Depending on how many cop shows take place where you live, you've either had (3 or more cop shows) or will have in the next few years (0-2 cop shows) Korean fried chicken.  The way Korean fried chicken is made, it's lightly floured and fried twice, and then sauced.  Double-frying - the same technique, minus the flouring of course, that you should use for French fries - results in a crispier final product that is more likely to stay crispy even when it's not piping hot, and furthermore is better able to stay crispy when moist.

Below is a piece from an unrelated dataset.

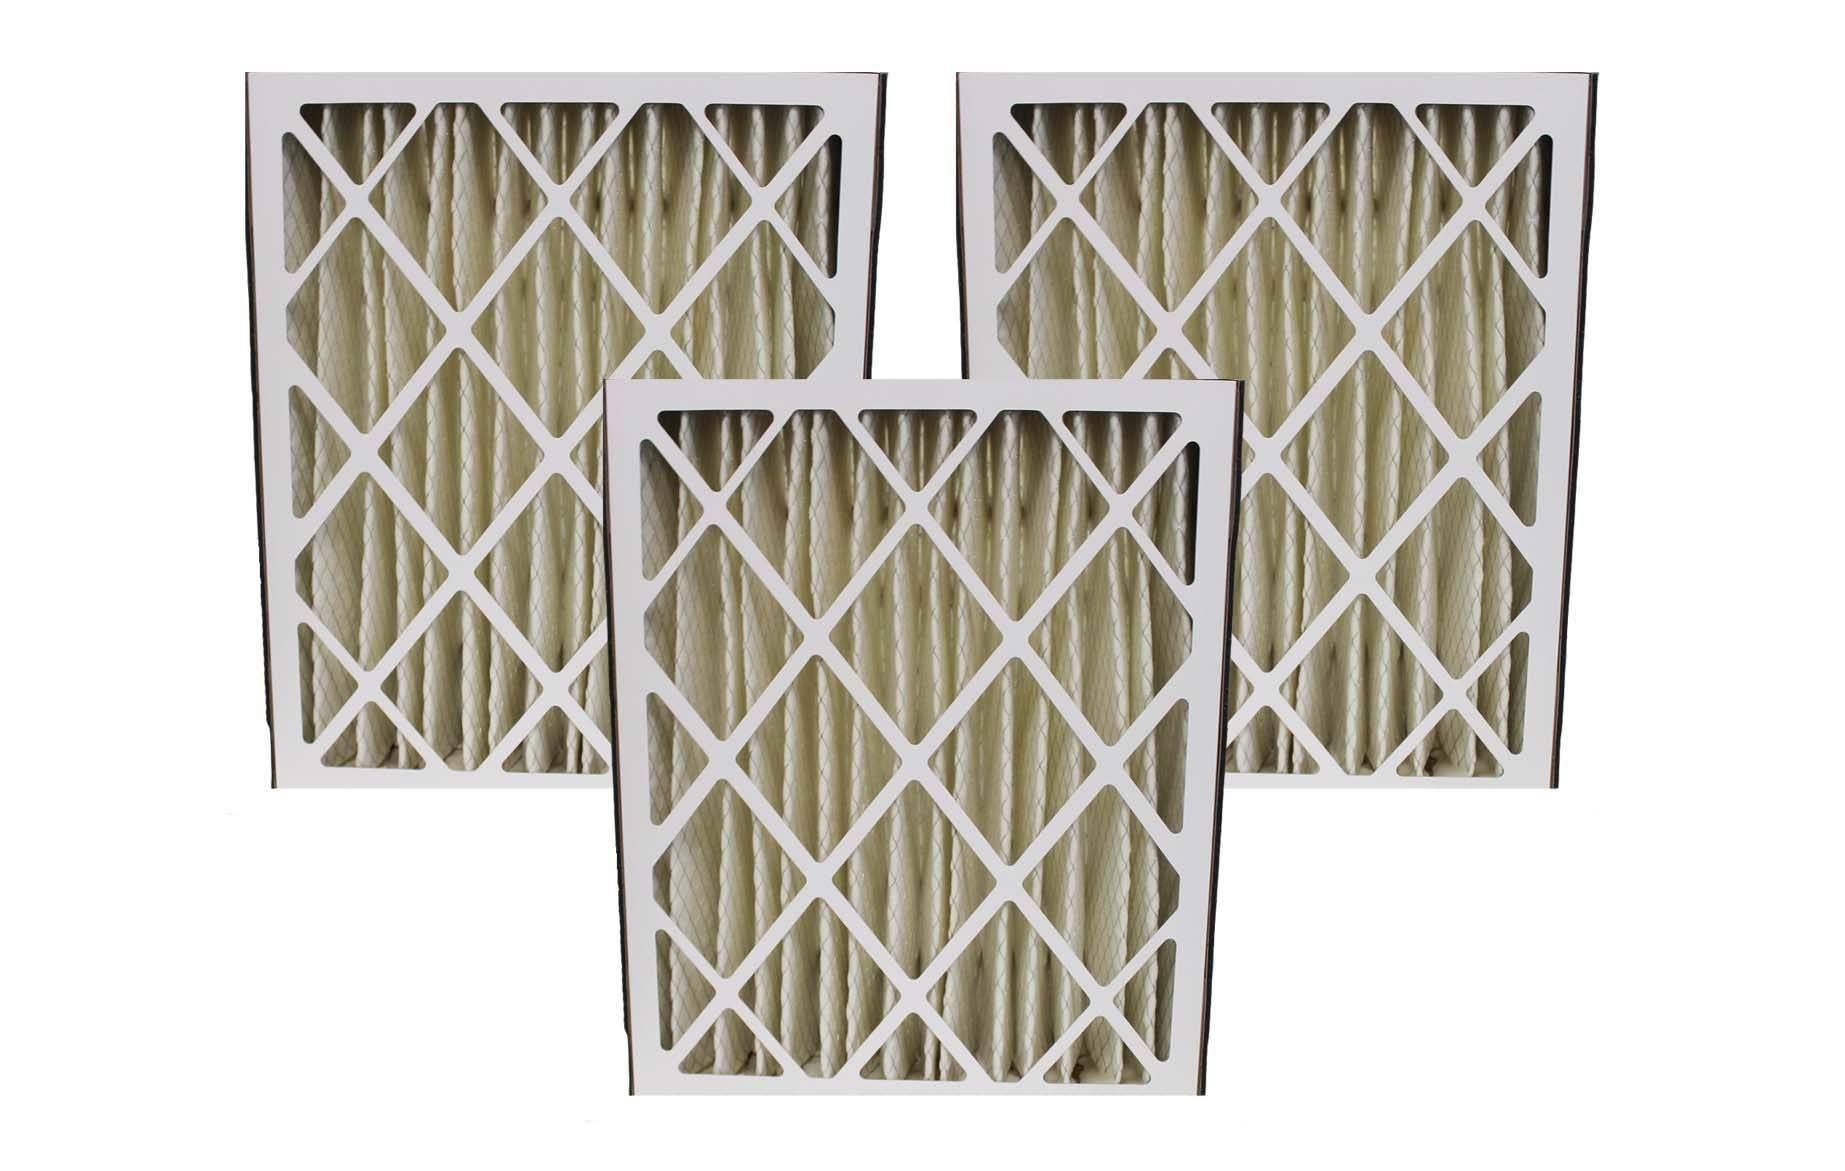 3 Trion Air Bear 20x25x5 MERV8 HVAC Furnace Filters

The combination of the super-crispy chicken with sauce creates a texture you're familiar with from Chinese joints - not the ones that put the thick batter on everything they fry so that the sweet and sour shrimp is like big sponges soaking in sauce (goddamn you, food court), but places like P.F. Chang's that lightly batter and fry chunks of chicken before saucing them.  Same basic deal.  In Korea, whole chickens are chopped up into chunks and fried - but Korean chickens aren't factory-farmed like in the US of A, so they're smaller and better suited to, well, cooking and eating.  In the US, chicken parts make more sense, and those factory farms result in large, meaty wings, a chicken part that was usually discarded or used for stock until World War II.

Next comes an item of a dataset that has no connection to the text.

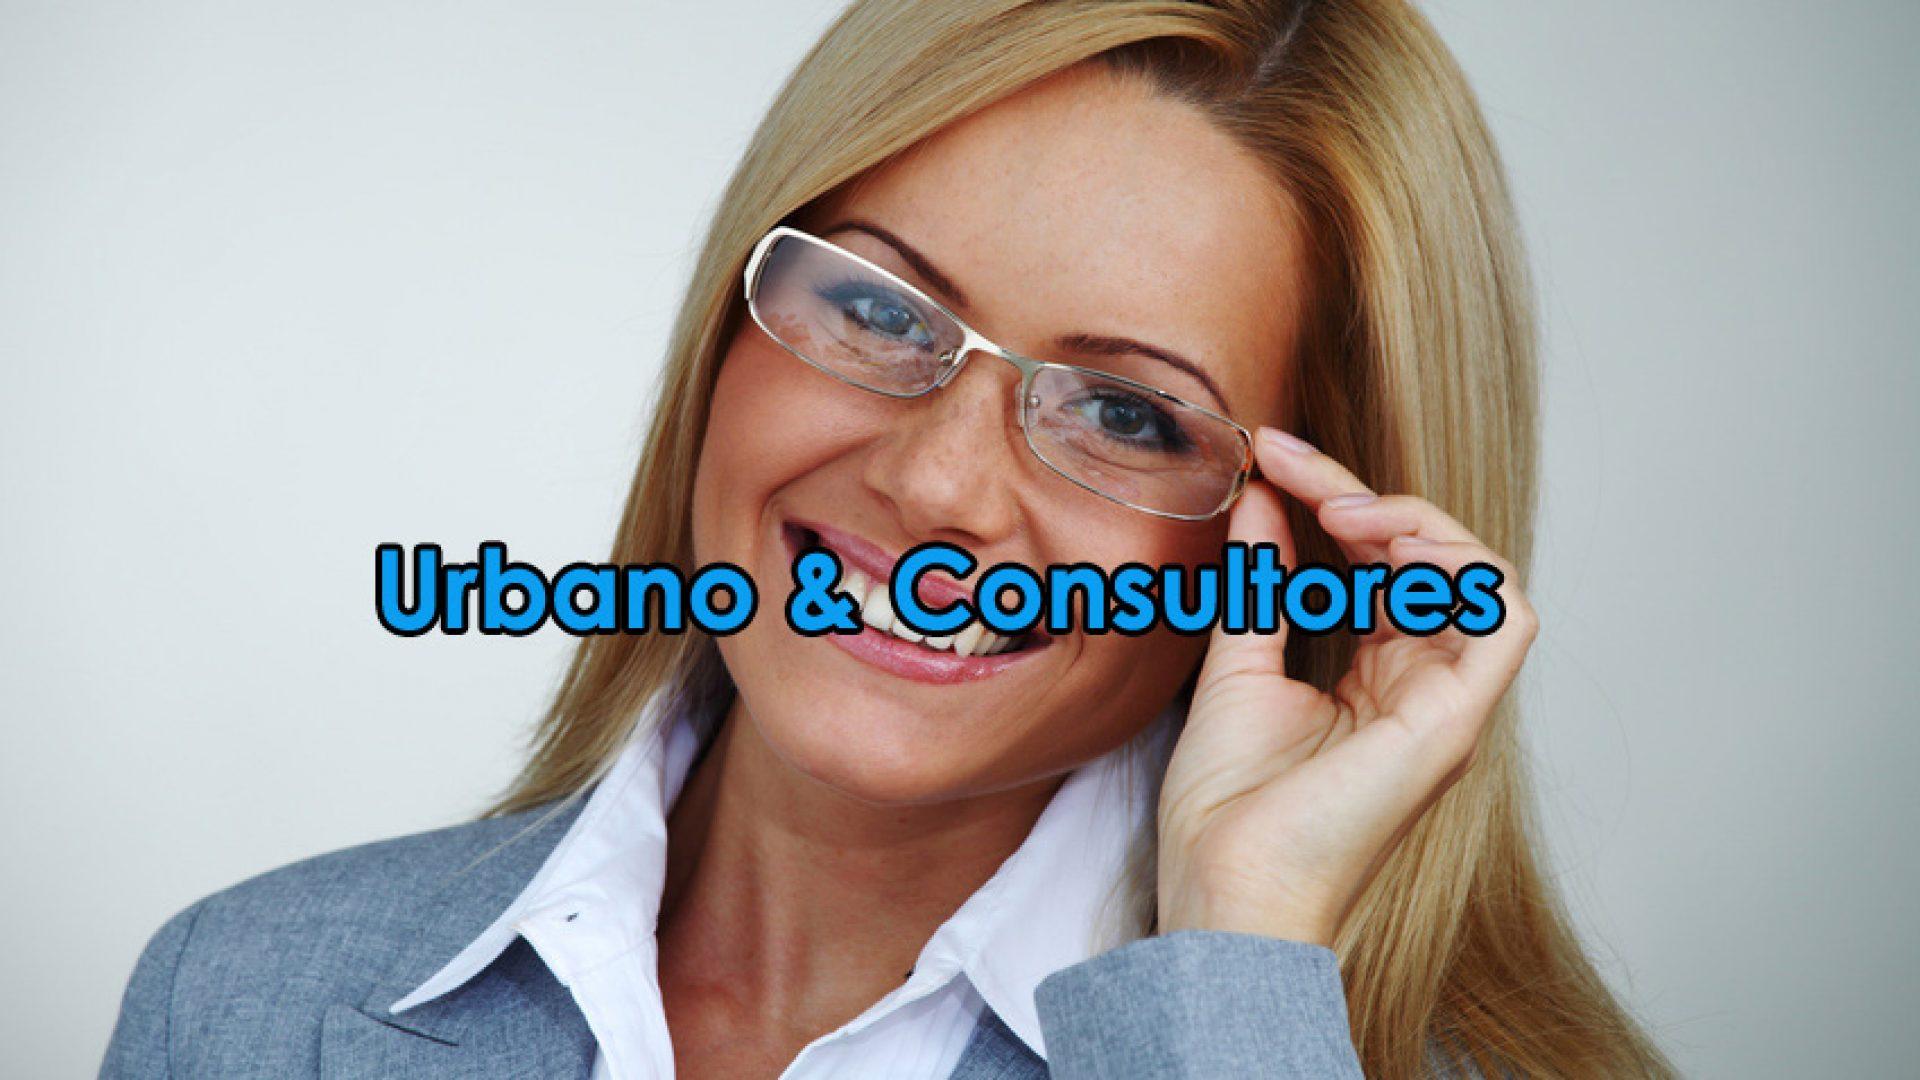 Urbano & Consultores

Really, despite the transglutaminase and calcium alginate, despite the bacon beignets and coconut curry ice cream, what I think about the most, what I always circle around, is hamburgers, pizza, chicken wings, fruit, and cheese.  That's always been my way.  I'm not an embryonic pseudo-chef, I'm just a home cook who plays around with a few things.  At some point I expect I'll have a long entry on hot wings.

But right now, since I have this deep fryer, I wanted to try the Korean fried chicken method.  Specifically the method - Korean fried chicken is usually sauced with a gojujang sauce, which is cool, but I wanted to divorce the method from the flavor here.  I wanted to deal with the method on its own.

So I made red wings.

Hibiscus-marinated wings

I started by "brining" the wings overnight with hibiscus.  I literally did nothing more than put chicken wings in a Tupperware container with a handful of hibiscus flowers, and cover it all with water.  The splotches you see are where the wings were touching each other or the sides of the container.  The color is otherwise quite magenta.

Hibiscus-marinated wings, first fry

The wings after their first fry.  They have more color than it looks here; this time of year I don't have much sunlight in the house until much later in the day (it's 1pm as I type this and the sun hasn't hit my deck yet).  That said, in the end the hibiscus didn't contribute anything of note.

Hibiscus-marinated wings, double-fried and sauced

The wings after their second fry, with sauce.

The sauce is very very red.  I pureed watermelon chunks with watermelon rind that had been pickled with Kool Aid; strained that, and cooked it down until it was a thick sauce; strained that, and added Tabasco sauce, ginger, allspice, and cinnamon.  The result is a bright red sweet and sour sauce with a burn that is primarily ginger with other spice notes and a little chile heat.